Results and Discussion

Colloidal dispersions of platinum and gold were prepared by γ -radiolysis of mixtures of Na₂PtCl₆ and NaAuCl₄, in nitrogen-saturated water at pH7 containing Carbowax 20M (1 × 10-³ mol/dm³) (1, 2). The total metal concentration was fixed at 5 × 10^-4 mol/dm³ and the mol fraction of each metal was varied from 0 to 1. The actual composition of each colloidal dispersion, after treatment with ion-exchange resins, was determined by atomic absorption and the average particle sizes were established by high resolution transmission electron microscopy. X-ray emission spectroscopy carried out in conjunction with scanning transmission electron microscopy confirmed that individual particles contained both platinum and gold but their relative intensities, compared to the atomic absorption results, suggested segregation with surface enrichment of gold.

The platinum-gold colloids were used to catalyse hydrogen-evolution from a well-established sacrificial photosystem using zinc tetrakis(N-methyl-4-pyridinium)porphyrin as photosensitiser, methyl viologen (MV²⁺) as electron relay, and dihydronicotinamide adenine dinucleotide (reduced form) as sacrificial electron donor in nitrogen-saturated water at pH4 (7). Upon illumination of this photosystem with visible light, the reducing radical MV⁺ is formed in high yield and it persists for many hours in the absence of oxygen. Photolysis in the presence of a colloid ([metal] =2 × 10^-4 mol/dm³) resulted in evolution of hydrogen. As the mol fraction of gold increases, there is an increase in the rate of evolution of hydrogen (R_H2) until an optimum value is reached at about 20 to 30 per cent gold after which R_H2 decreases. There is also a progressive increase in the total yield of hydrogen on exhaustive photolysis ([H₂]) as the mol fraction of gold increases. Overall, the optimum composition for the catalyst appears to be about Pt_0,7Au_0.3.

The increased yields of hydrogen obtained with increasing mol fraction of gold are attributed to inhibition of hydrogenation of the reactants by surface gold atoms. With mol fractions of gold exceeding 20 per cent, hydrogen is not consumed upon prolonged irradiation although this is a serious problem for colloids containing little or no gold. Many of the platinum atoms on the colloid surface are prevented from functioning as active catalytic hydrogen evolving sites because of specific adsorption. The adsorbate may be H atoms, MV^{2 +}, MV⁺ or surfactant used to protect the colloid against flocculation. Incorporating gold atoms into the colloid surface dilutes platinum-platinum co-ordination sites where specific adsorption occurs, allowing surface platinum atoms to operate as active hydrogen sites.

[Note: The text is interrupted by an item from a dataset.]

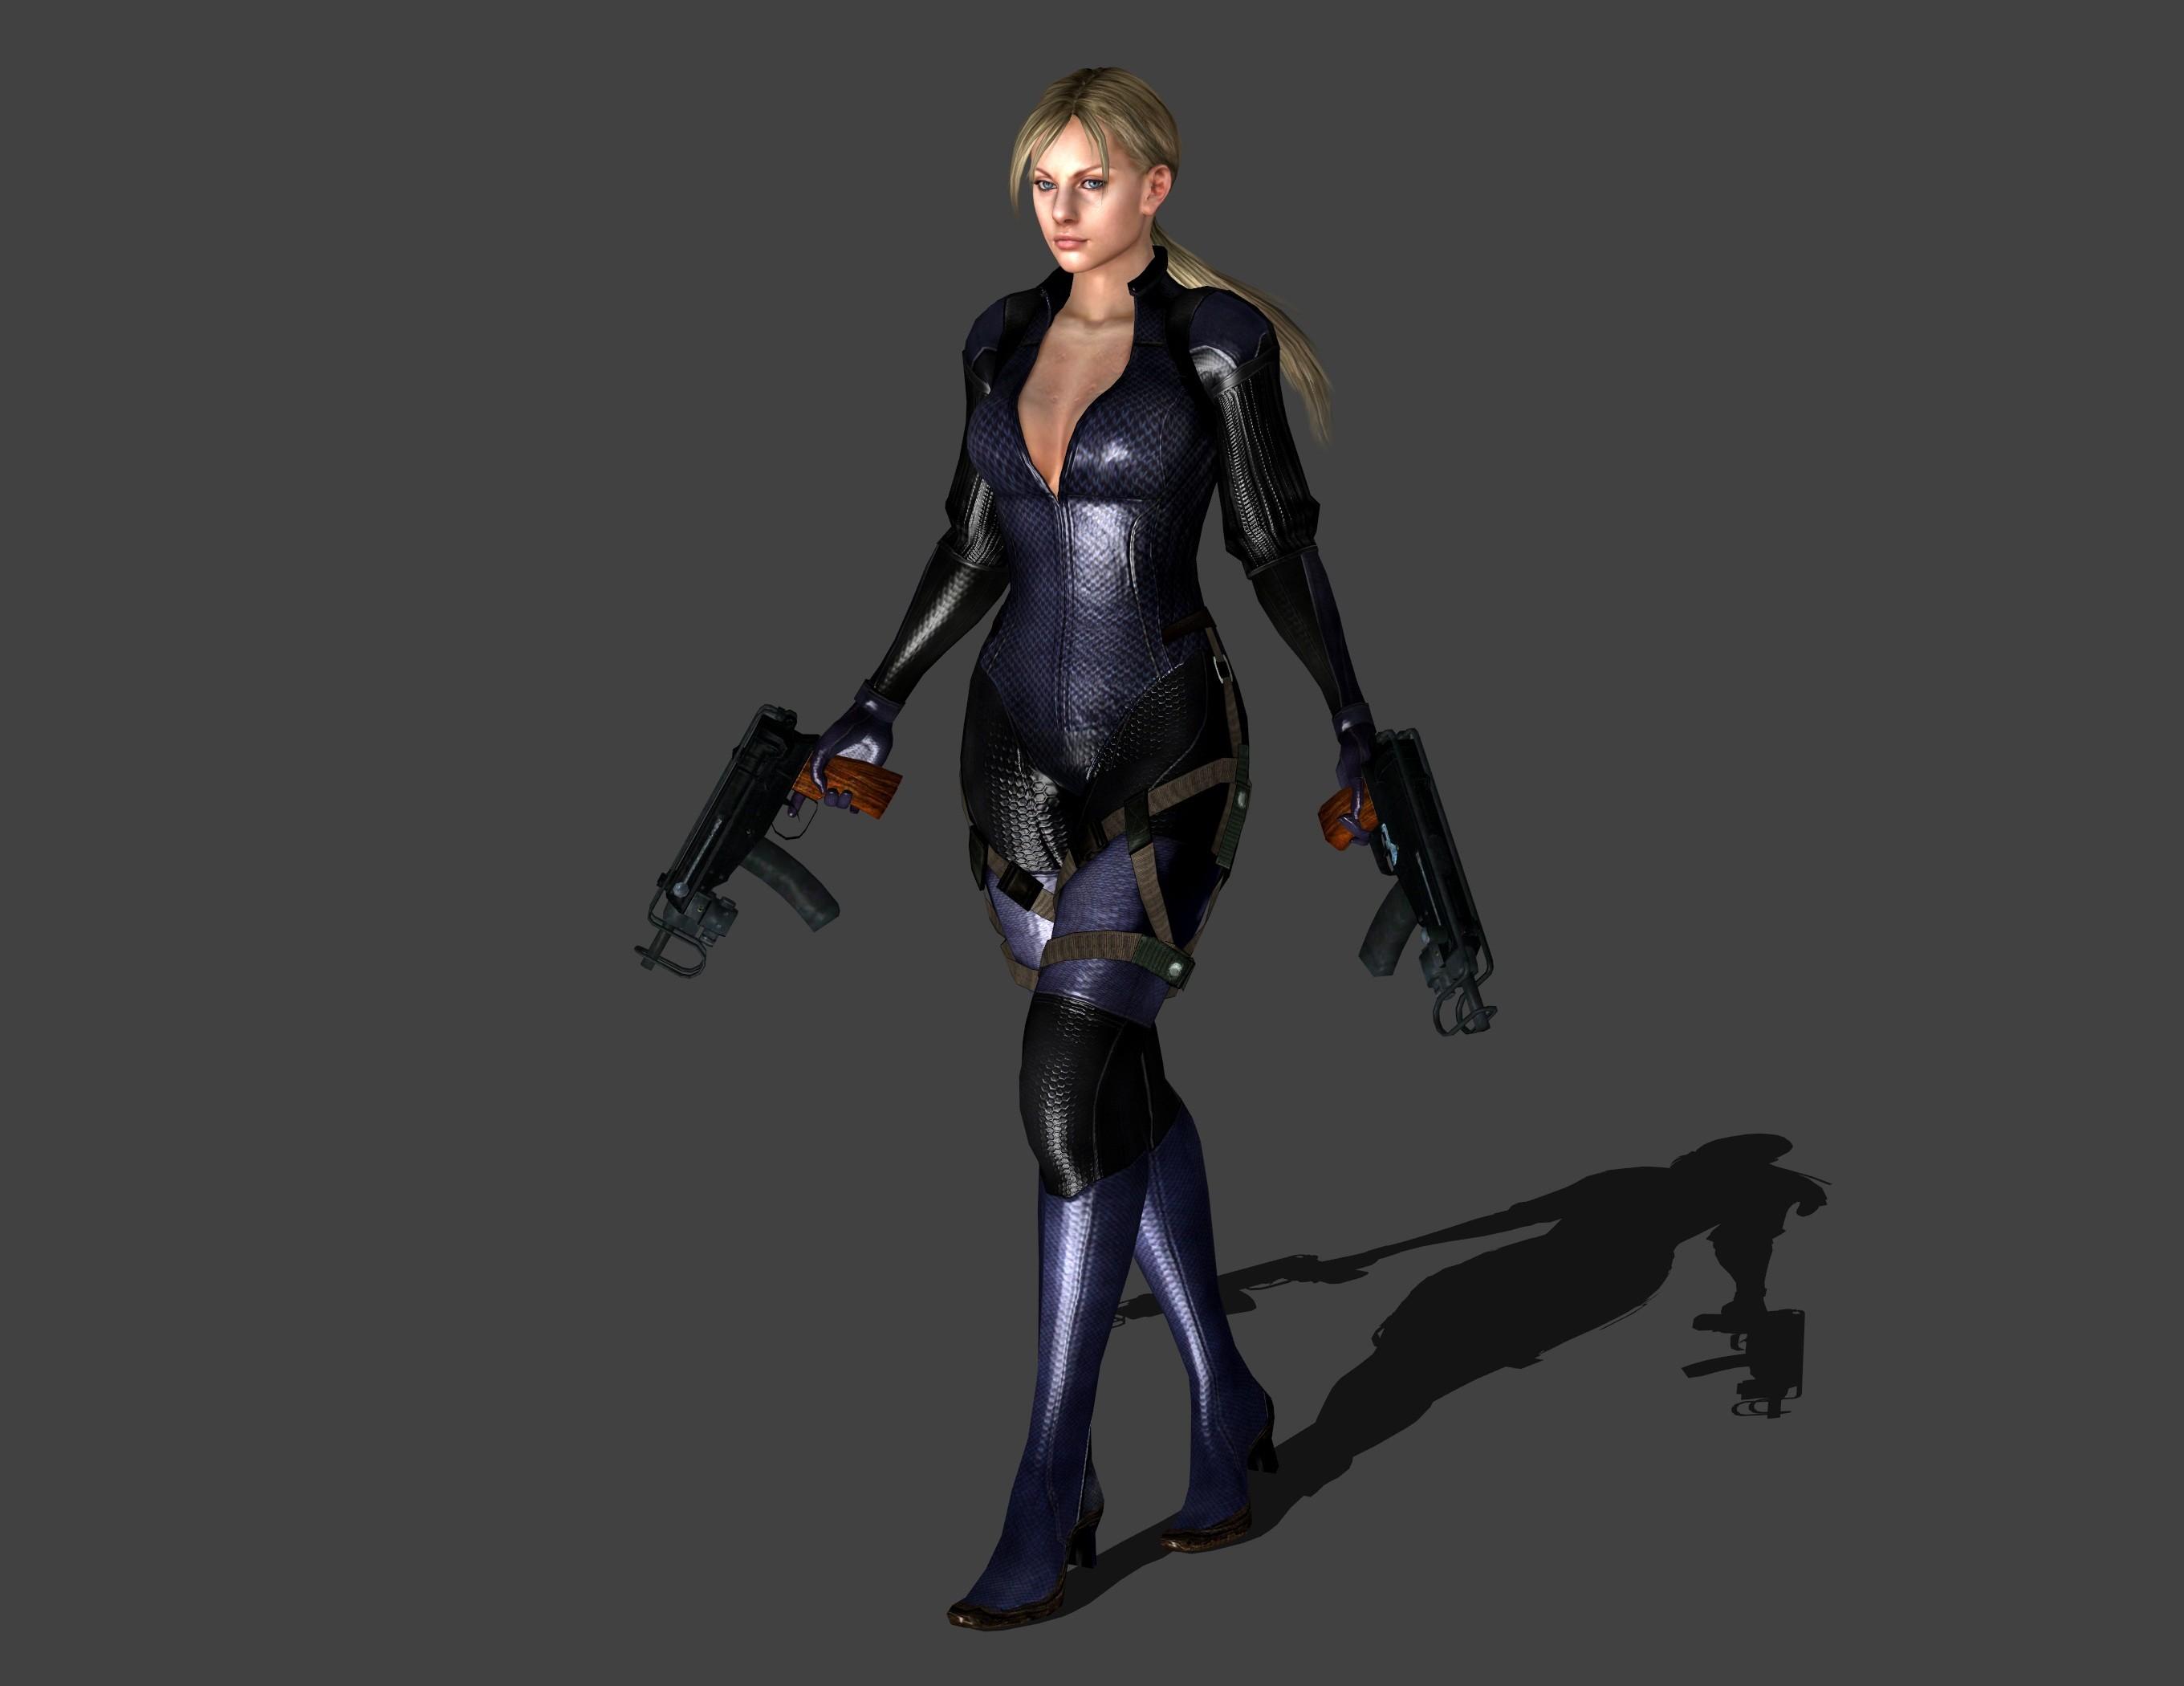 … Resident Evil 5 – Jill Valentine MG Stand by IshikaHiruma

In hydrogen-saturated aqueous solution at pH4 containing colloidal platinum (2 × 10^-4 mol/dm³) hydrogenation of MV⁺ occurs very slowly. The reducing radical MV^+-, however, is hydrogenated readily under ambient conditions and it is apparent that this reaction is responsible for consumption of hydrogen during photolysis. The rate of hydrogenation of MV⁺ (R_Mv) as catalysed by the various colloids, was measured by electrochemical methods. It was found that R_MV decreased significantly with increasing mol fraction of gold. The inhibition of hydrogenation of MV⁺ on the bimetallic particles is a consequence of the decreased mobility of H-atoms (8) and the increased energy of adsorption of H₂ (9, 10).

This study has shown that the use of bimetallic platinum-gold colloids can improve the rates and yields of hydrogen evolution from photosystems in which one or more of the reactants is susceptible towards hydrogenation. This arises because gold atoms at the surface of the colloidal particle inhibit specific adsorption and hydrogenation of the reactants. This behaviour, which is well known for macroscopic catalysts (11, 12), shows the advantages that may be gained by using alloys in place of pure metals.